音楽への愛に満ちた63歳の「青春」:アストル・ピアソラ

「わたしは若い人たちに対してはペシミスティックなんです」
なんでまた?
音楽の世界でも、この時代にあっては、若い人たちの嗜好を積極的に、しかも巧妙に取り入れた作
品が量産され、あたかも若者主導の傾向さえなくもないのに、一九二一年に生まれたアルゼンチンの
音楽家アストル・ピアソラは、そういう。
「今の若い人たちの多くには、易しいものばかりを手にいれたがるようなところがあります。その結
果、精神が飽和状態になって、たとえばベートーヴェンの音楽とか、オペラとか、あるいはピアソラ
の音楽をきくのが、億劫になっているんです。それで、マイケル・ジャクソンとかミック・ジャガー
などの、暴力的な精神に適した音楽をきくことになってしまうんですね」
このような言葉は、わからずやの頑固親父が口にしそうである。相手がその手の人間なら、そんな
ものですかと、軽くきき流せばいい。ところがそうではない。この言葉は、すでに長いこと、新しい
音楽の世界を切り開きつづけてきた、したがって保守的な姿勢からもっとも遠いところでその音楽を
展開してきた、ほかならぬアストル・ピアソラの言葉であった。
しかもピアソラは、あからさまに苛立ちの表情をうかべて、あるいは絶望的な口調で、そのように
いったわけではなかった。ピアソラは、むしろ淡々としたはなしぶりで、そういった。その言葉は、
悲憤慷慨した人の口からでたものではなかったので、胸にずしりと重く響いた。
では、そのような大胆な発言をするピアソラとは、いかなる背景をもった音楽家か。ピアソラは、
イタリア系移民の子として、アルゼンチンで生れ、幼い頃にニューヨークに移住した。ピアソラがア
ルゼンチンに戻ったのは、十六歳のときである。
「記憶に残っている最初の音楽的な体験といえば、ニューヨークにいたときですから、多分一九三〇
年頃だと思いますが、近所に住んでいたコンサート・ピアニストがひいてくれたバッハの音楽をきい
たことです」
やがてピアソラはタンゴの音楽家として活動を開始する。しかしながら、ピアソラの音楽は、伝統
的なタンゴに愛着を抱く人たちにとっては、とても許容しがたいものであった。あるとき、ピアソラ
が、アルゼンチンの町を歩いていた。すると、「タンゴ殺し!」という罵声とともに、小石が飛んで
きた。そのことからもあきらかなように、ピアソラの音楽はタンゴという音楽の枠を踏みこえたとこ
ろにある。
そして、今、ピアソラは、音楽とは「愛のようなものです」と、晴々とした表情でいいきり、さら
に、このようにいう、「したがってわたしにとっては、バンドネオンをひくということは、愛のおこ
ないです」。
音楽に対する並々ならぬ愛があるためか、ピアソラには、いわゆる還暦をすぎた人とは思えぬ活力
が感じられた。はなす声には張りがあり、そしてまたそのはなしぶりは限りなくしなやかであった。

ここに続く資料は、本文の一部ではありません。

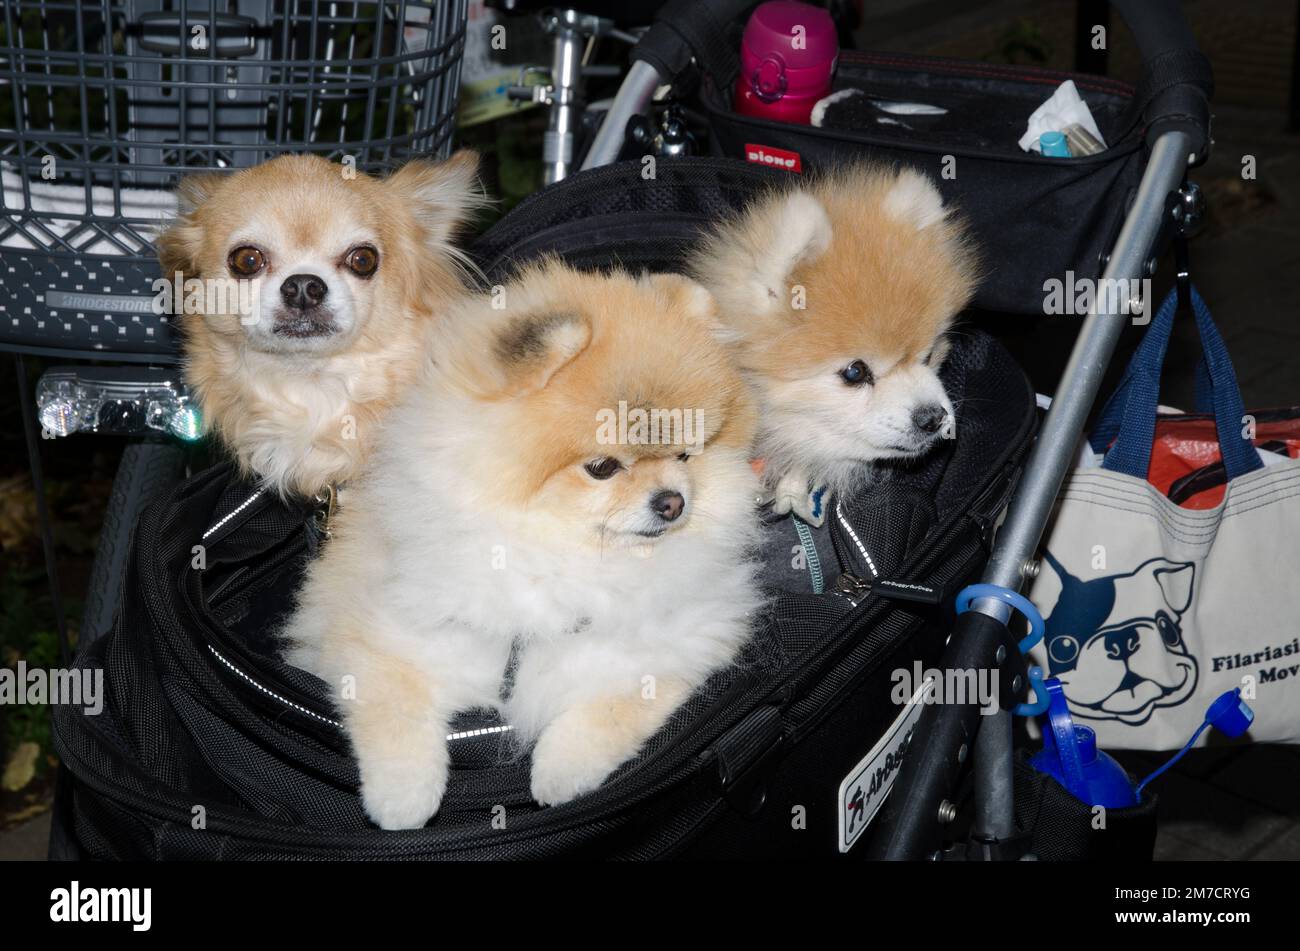 Ginza, December 14, 2017: Dogs in a baby buggy. Puppies of Akita breed in the center and to the right. Ginza. Tokyo. Japan. Stock Photo

ピアソラの瞳は、まるで好奇心旺盛な少年の瞳のように、きらきらと輝いていた。はなしをきいてい
て、相手が二十代の青年と錯覚しかねないようなオフ・ステージのピアソラであった。
しかし、ピアソラがその持前の尋常ならざる生気をあきらかにしたのは、むろん演奏会場でであっ
た。一九二一年生れのピアソラは、いかなる音楽家にもまして若若しく、彼の音楽を提示した。若い
人たちに対してペシミスティックであるといったピアソラの言葉は、ピアソラの永遠の若さがいわせ
た言葉であった。
僭越を承知のうえで、最後にひとこと、つけくわえさせていただく。昨年の十一月二十一日に、五
反田の簡易保険ホールでおこなわれた、ピアソラ五重奏団による演奏会の模様は、NHK がテレビと
FM 放送用に、収録した。放送日はまだ未定ということであるが、どうぞ、おみのがし、おききのが
しのないように。当日の演奏をきいているので、自信をもっていえるが、そこできけるのは、きく人
を圧倒せずにはおかない、まさに歴史的な名演奏である。
※「エル・ジャポン」1985 年 2 月号
1984 年のピアソラの演奏会は、後に「東京のアストル・ピアソラ」として CD 化されました。